I am trying to use Scale Rule for the first time and am trying to fiddle with "Storage Queue" resource. While trying to set options I see following options in "Time Aggregation": Minimum, Maximum, Average, Total and Last. What I learnt is that the value selected from TimeAggregation will be used for the specified "duration" and will be compared against the specified "Threshold". However I fail to understand what is the sampling interval for the data that it will try to do. Also consider the following example:
Say I have the following rule: If AppxMsgCount >=15, increase the instance count by 3 where, Threshold = 15 and time aggregation is set to "Average"

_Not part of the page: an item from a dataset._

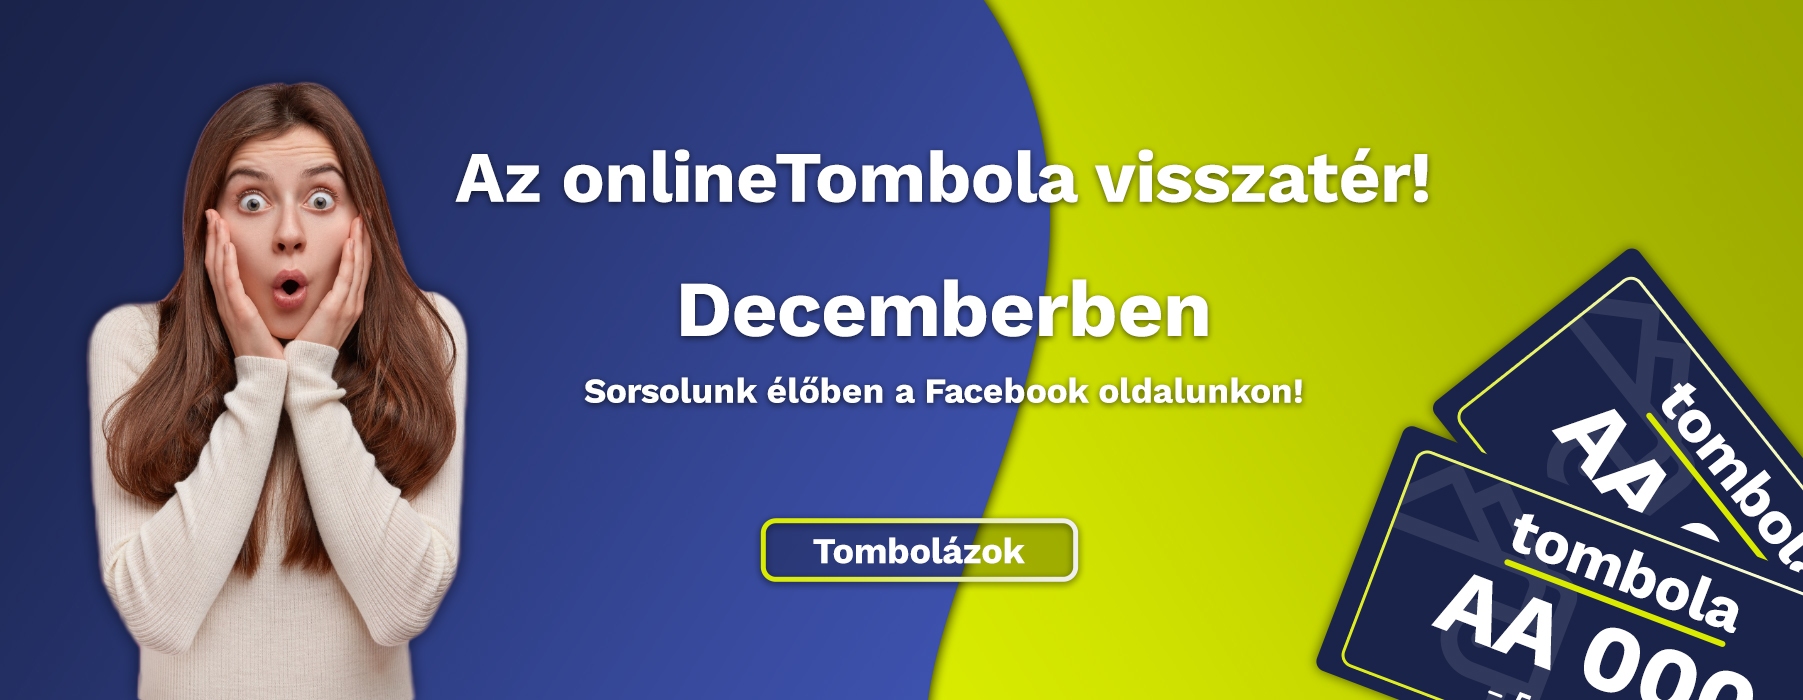 onlineTombola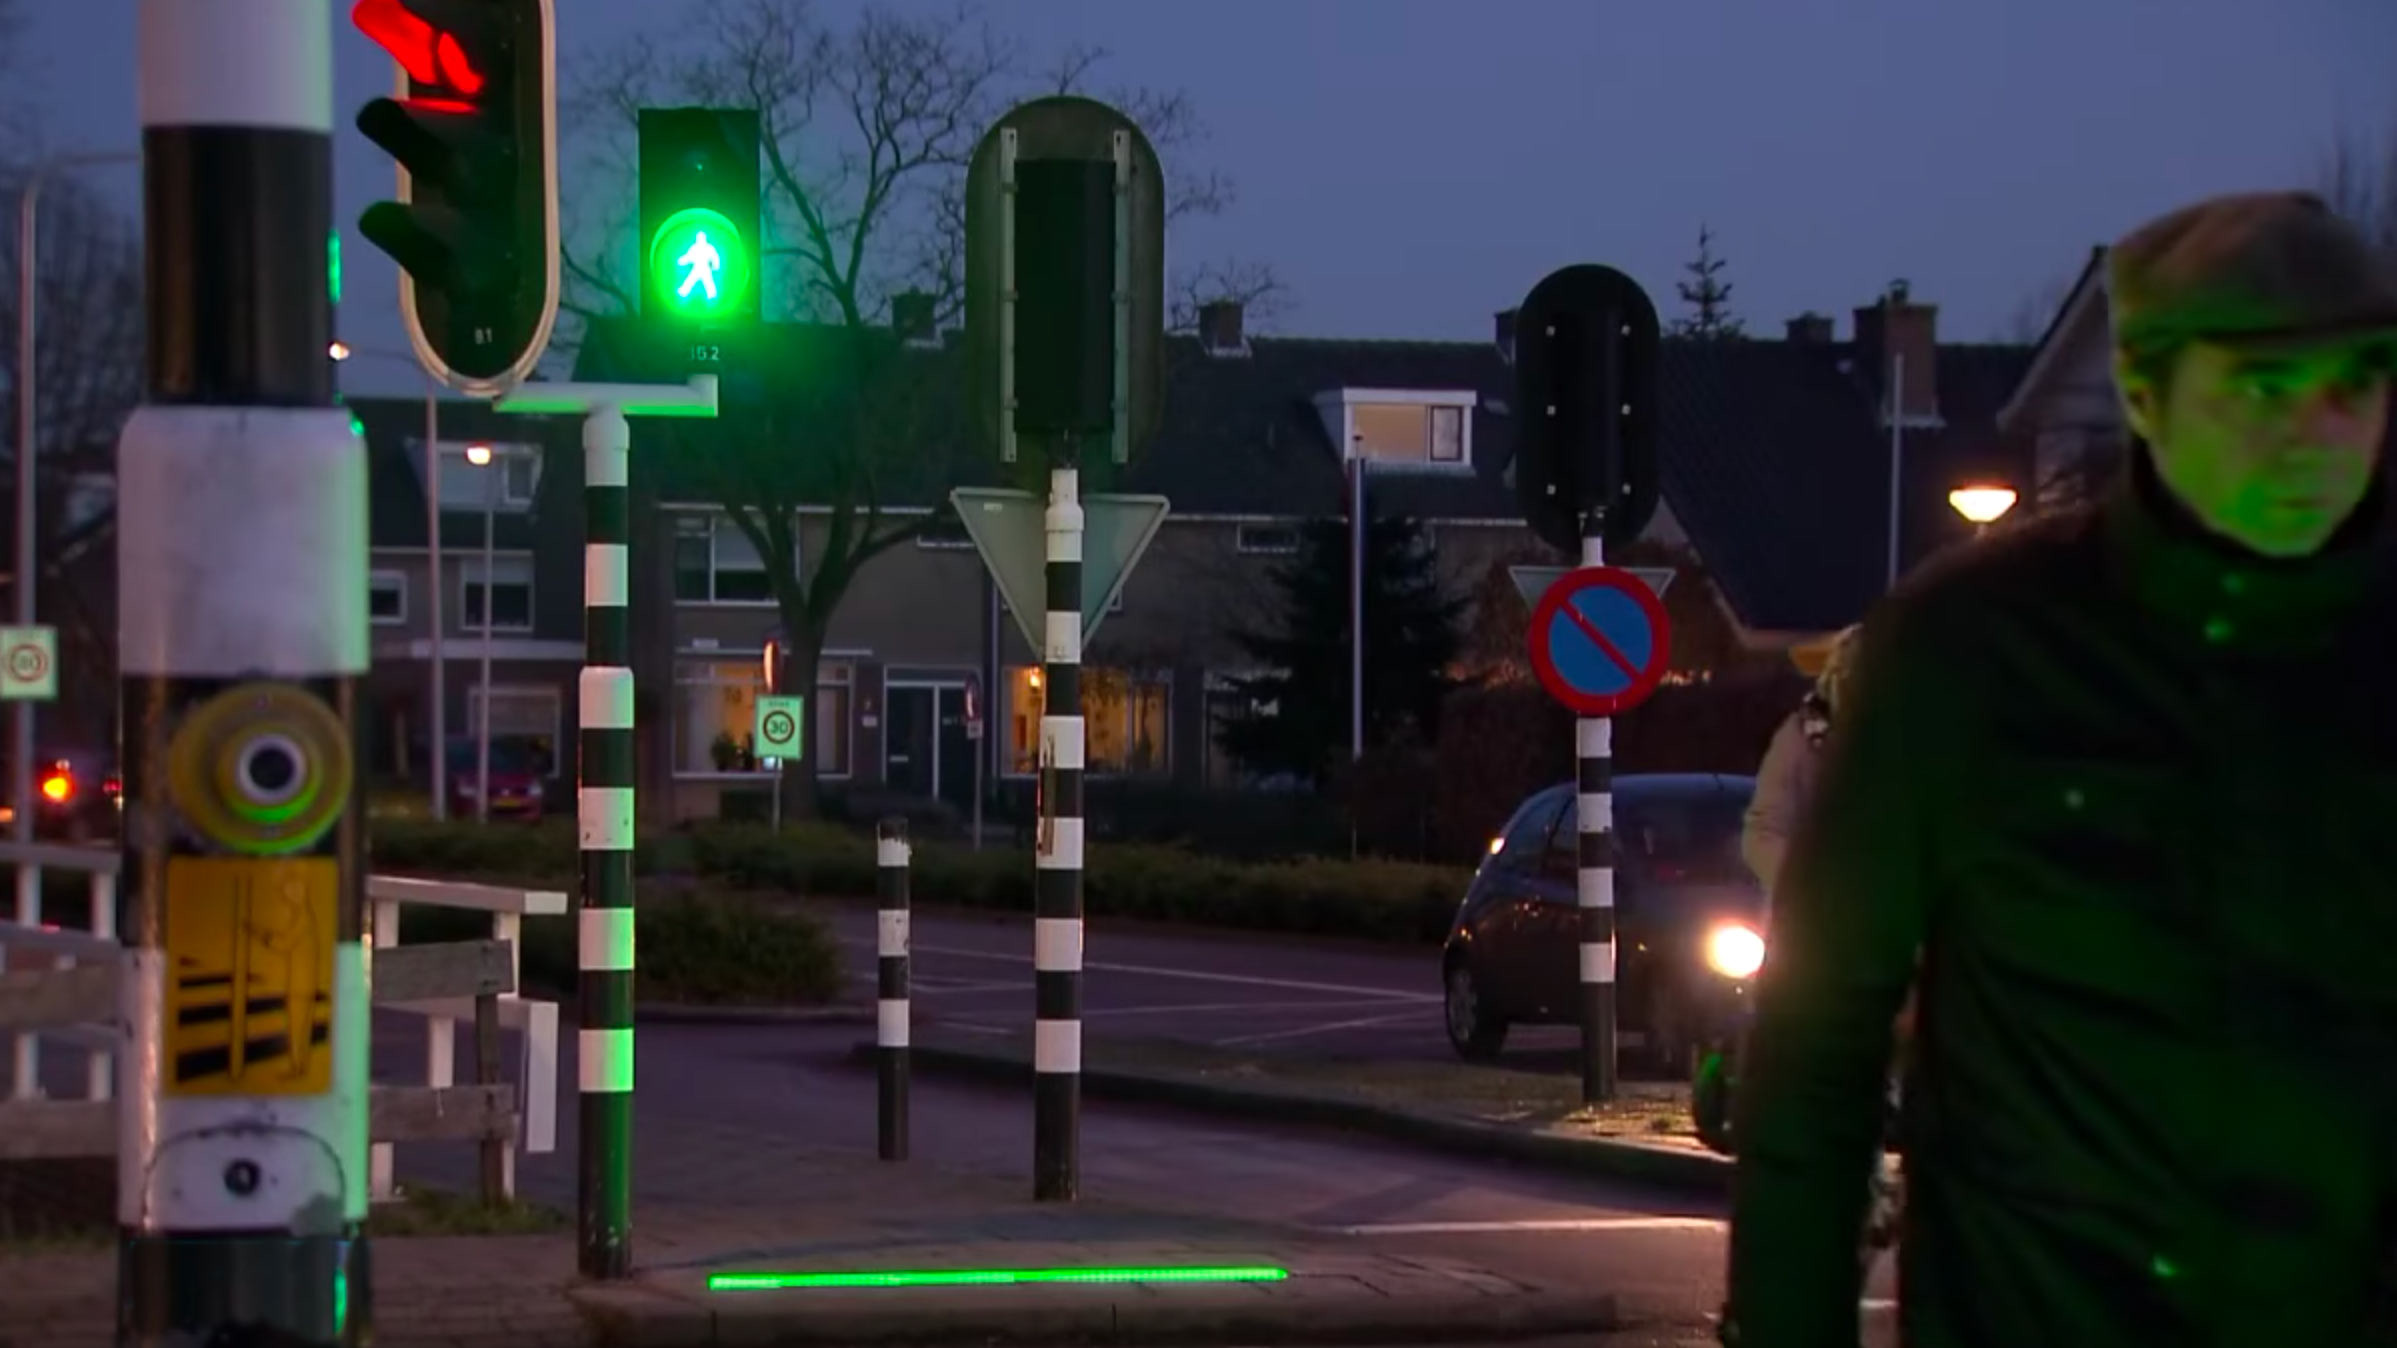 Кадр видео Speciale verkeerslichten smartphone zombies — RTL NIEUWS. Скриншот © L!FE

System state: AppxMsgCount = 20 Current Instance Count = 2
So the first time the auto scale gets kicked in with the above system state, the instance count gets increased to 5.
Now, with the increased instances AppxMsgCount supposed to come down? My hunch says it must be but then what should be the maths for it? Is it 20*2/5 ?
Second thing what does the other options mean here, and when should they be used - i.e. when should I be using total vs when should I be using average
It will be helpful if I can get some link for reference.
The properties work together as follows: the “statistic” of “metricName” will be calculated every “timeGrain”. Every “timeGrain”, autoscale will take the “timeAggregation” of the previous “timeWindow” amount of data and compare that with the “threshold” based on the “operator”. Using the specific example below, this means:
The average of percentage CPU will be calculated every minute. Every minute, autoscale will take the average of the previous 5 minutes of data and check if it’s greater than 60%. If it is, it will trigger the scale rule.
"rules": [{
"metricTrigger": {
"metricResourceUri": "[resourceId('Microsoft.Compute/virtualMachineScaleSets', 'myScaleSet')]",
"metricName": "Percentage CPU",
"timeGrain": "PT1M",
"statistic": "Average",
"timeWindow": "PT5M",
"timeAggregation": "Average",
"operator": "GreaterThan",
"threshold": 60
},
Note: for a single VM, percentage CPU is simply one number. However, in the case of a scale set, each VM reports a number for percentage CPU. To consolidate these, the scale set calculates the “statistic” across all of the VMs. For example, let’s imagine we had “statistic” as “max”, “timeGrain” as 1 minute, “timeAggregation” as “average”, and “timeWindow” as 5 minutes. This would mean that every minute, the scale set emits the max percentage CPU across all VMs in the scale set. For instance, if there were two VMs in the scale set, one running at 0% CPU, and another running at 90% CPU, for that minute, the scale set would emit a max of 90%. Autoscale would then average the last 5 minutes of these maxes and compare this to the threshold.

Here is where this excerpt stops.